Perceptions of African-American Middle and High School Students About Stuttering

Susan Roesti1, Glen Tellis1, and Rodney Gable2
1Indiana University of Pennsylvania, Dept. of Special Education, 259 Davis Hall, Indiana, PA I 5 705
2Bowling Green State University, 242 Health Centetg Dept of Communication Disorders, Bowling Green, OH, 43402

SUMMARY

The Stuttering Inventory for African-American Students was administered to 168 African-American middle and high school students to determine their perceptions about stuttering. Results indicate that the scale is a reliable and valid instrument. The 25-item, three-factor scale adequately examines concepts that relate to perceptions, causes of, cures for, reactions to stuttering, and social perceptions about stuttering. Results also indicate that females are more likely than males to disagree about the causes of, cures for, and reactions to stuttering and that the race of the therapist is not important when treating persons who stutter. Implications for assessment and treatment are discussed.

  1. Introduction
There has been a growing interest in gathering information about African-American perceptions about stuttering (Cooper & Cooper, 1998; Leith & Mims, 1975; Robinson & Crowe, 1998, Madding, 1995; Tellis, 2002; Tellis & Tellis, 2003). African-Americans are the second largest minority in the United States (U.S. Bureau of the Census, 2000). According to the recent U.S. Census estimates there are 33.9 million African-Americans in the United States, or about 13% of the total U.S. population (U.S. Bureau of the Census, 2000). By 2050, it is projected that the African-American population will increase to 15% of the U.S. population (Day, 1996). Experts have indicated that the prevalence of stuttering in the population is about 1% (Bloodstein, 1995); however, prevalence estimates of 2.8% for African-American high school students who stutter (Gillespie & Cooper, 1973) and 2% for African-American preschoolers who stutter (Proctor et al., 2001) have been reported.

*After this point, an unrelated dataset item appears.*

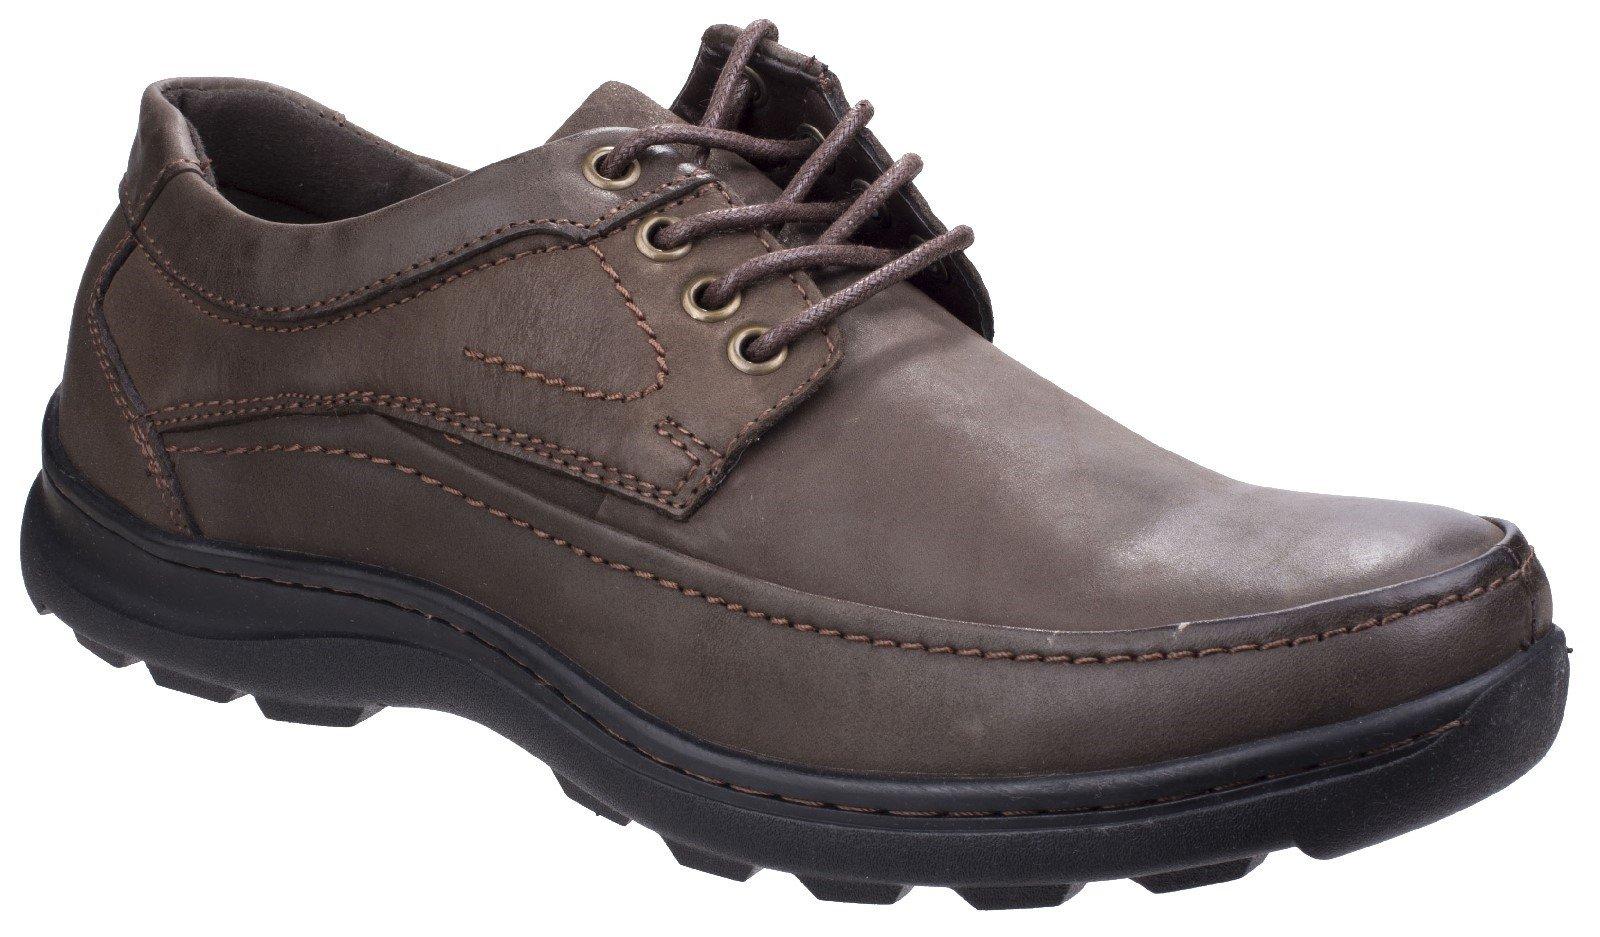 Fleet & Foster Men's Luxor Lace Up Shoe Black 26313-43921 - Brown 7

Results from previous studies indicate that some African-Americans may believe that stuttering may be caused: when a mother eats improper foods while nursing, when an infant looks in a mirror, if a child is tickled too much, if a child gets a haircut before saying the first word. Other causes that African-Americans attribute to stuttering include: a mother seeing a snake during pregnancy, a mother dropping a baby, a child being scared, and a dog biting a child (Robinson & Crowe, 1998). According to Madding (1995), a majority of African-Americans males in her study indicated that they were less likely to date or marry a person who stutters. Also, white-collar African-American workers reported they were less likely to mock or make fun of a person who stutters.

The previous studies are important, however, there are a few drawbacks. A limitation of the Robinson and Crowe (1998) study is that the authors obtained data from the Children’s National Medical Center in Washington, DC but did not test the information empirically. Madding (1995) failed to conduct test-retest reliability or factor analysis in her study. In the present study, the Stuttering Inventory for African-Americans Students (Roesti & Tellis, 2001) was designed to measure African-American student perceptions about stuttering. This scale was specifically administered to middle and high school students. Factor analysis, reliability, and validity measures were performed.

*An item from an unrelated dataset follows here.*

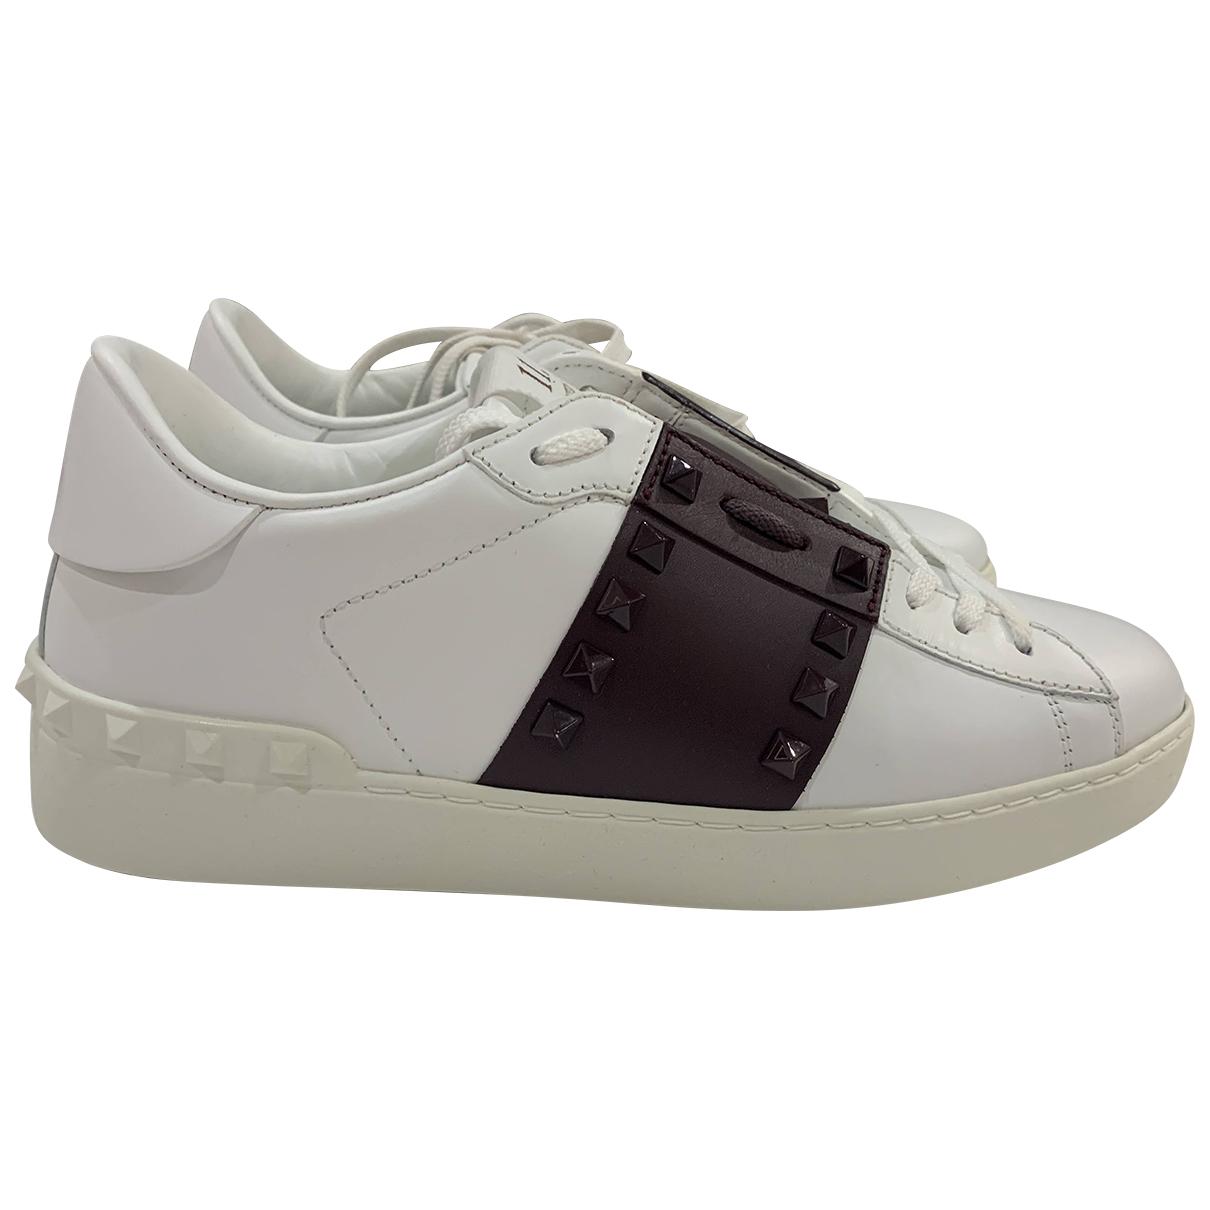 Valentino Garavani Rockstud Sneakers in  Weiss Leder

The rapidly increasing number of African-Americans and the lack of research that addresses their perceptions about stuttering makes it critical to study this population. Basic research is needed before appropriate assessment and treatment can be conducted on this population. The purpose of this paper, therefore, is to present information about African-American middle and high school students’ perceptions about stuttering.

  1. Method
Sample

The sample for this study was selected from the Pittsburgh Public School District - the largest in Allegheny County, Pennsylvania. The district consists of 97 public schools serving approximately 40,000 students throughout Pittsburgh, Pennsylvania. Facilities include 11 high schools (Grades 9-12), two alternative programs, 19 middle schools (Grades 6-8), 59 elementary schools (Grades K-5), five special use schools, and one adult education school (Pittsburgh Public School District Homepage, 2001); The Pittsburgh Public School District consists of 56.4 % African-American students and 43.6% White/Other students (Pittsburgh Public School District Homepage, 2001).

Seven middle schools and seven high schools within the Pittsburgh Public School District initially agreed to participate in the study; however, only one middle school and one high school finally agreed to participate. After receiving permission from the school administrators and parents, the investigators began recruiting students. The middle school (Arsenal Middle School) had 611 students enrolled, with 485 (79.3%) African-American students and 126 (20.7%) White non- Hispanic/other students. The high school (Oliver High School) had an enrollment of 1,178, with 717 (60.9%) African-American students and 461 (39.1%) White non-Hispanic/other students.

Participants

Participants included 168 African-American middle and high school students from the two schools. Males constituted 45.2% (N=75) of the participants and females comprised 54.8% (N=9l) of the total. The mean age of participants was 13.14 years. From the sample, 62% (N=l03) were middle school (Grades 6-8) students and 38% (N=63) were high school (Grades 9-12) students. Also, 30.7% (N=5 1) were sixth graders, 8.4% (N=14) were seventh graders, 22.9% (N=38) were eighth graders, 30.7% (N=5l) were ninth graders, 4.8% (N :8) were tenth graders, 1.2% (N :2) were eleventh graders, and 1.2% (N=2) were twelfth graders. ,

Procedures

The Stuttering Inventory for African-American Students (Roesti & Tellis, 2001) was administered. This scale was adapted from the Stuttering Inventory for Hispanic-Americans (Tellis & Blood, 1999). The scale was developed using a 9-stage process. During Stage I, an extensive literature review of studies pertaining to the African-American population and their views about stuttering was conducted. Items were created for inclusion based on the most commonly reoccurring themes in the literature.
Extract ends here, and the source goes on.